Santoro S A
Cell. 1986 Sep 12;46(6):913-20. doi: 10.1016/0092-8674(86)90073-5.
Platelets initially adhere to collagen via a divalent cation-dependent process supported by Mg2+, Mn2+, Fe2+, Cu2+, Zn2+, or Co2+ more rapidly and to a greater extent than by previously studied divalent cation-independent mechanisms. Ca2+ not only fails to support adhesion, it is inhibitory. Platelet activation and secretion are not required for adhesion by this mechanism. Monomeric and fibrillar collagens, but not denatured collagen, effectively support divalent cation-dependent adhesion. Types I, III, and IV collagen, but not type V collagen, support adhesion. A platelet surface protein of Mr 160,000, possibly identical with platelet membrane glycoprotein Ia, that binds to collagen with the appropriate divalent cation specificity has been identified and is the likely mediator of the initial divalent cation-dependent adhesion of platelets to collagen.

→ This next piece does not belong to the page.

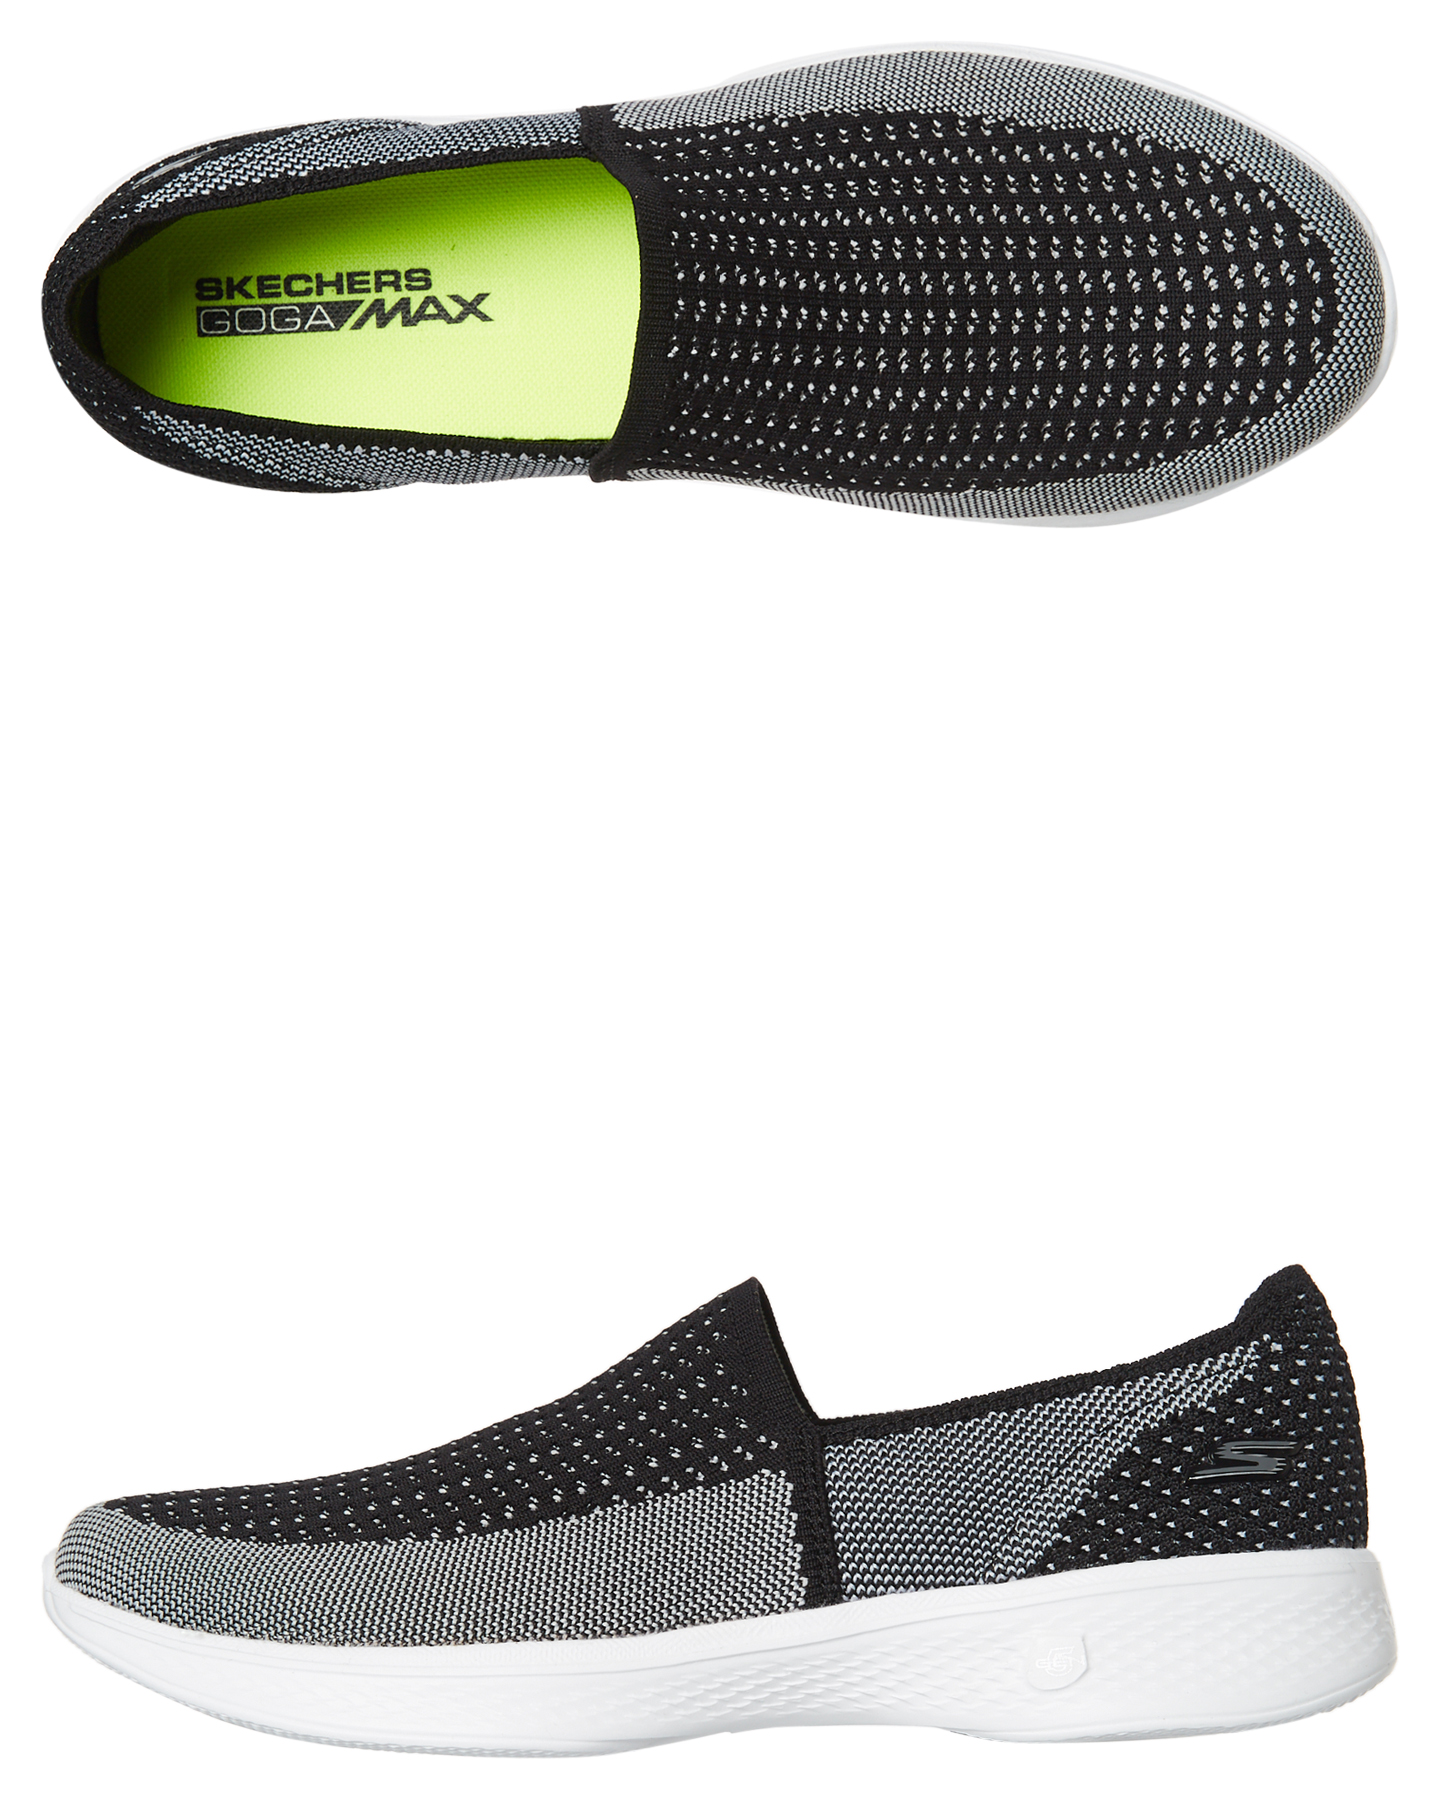 new skechers slip on shoes Sale,up to

血小板最初通过由Mg2+、Mn2+、Fe2+、Cu2+、Zn2+或Co2+支持的二价阳离子依赖性过程比之前研究的二价阳离子非依赖性机制更快且更大量地黏附于胶原蛋白。Ca2+不仅不能支持黏附,反而具有抑制作用。通过这种机制黏附不需要血小板激活和分泌。单体和纤维状胶原蛋白,而非变性胶原蛋白,可有效支持二价阳离子依赖性黏附。I型、III型和IV型胶原蛋白可支持黏附,而V型胶原蛋白则不能。已鉴定出一种分子量为160,000的血小板表面蛋白,可能与血小板膜糖蛋白Ia相同,它以适当的二价阳离子特异性与胶原蛋白结合,并且可能是血小板最初与胶原蛋白的二价阳离子依赖性黏附的介质。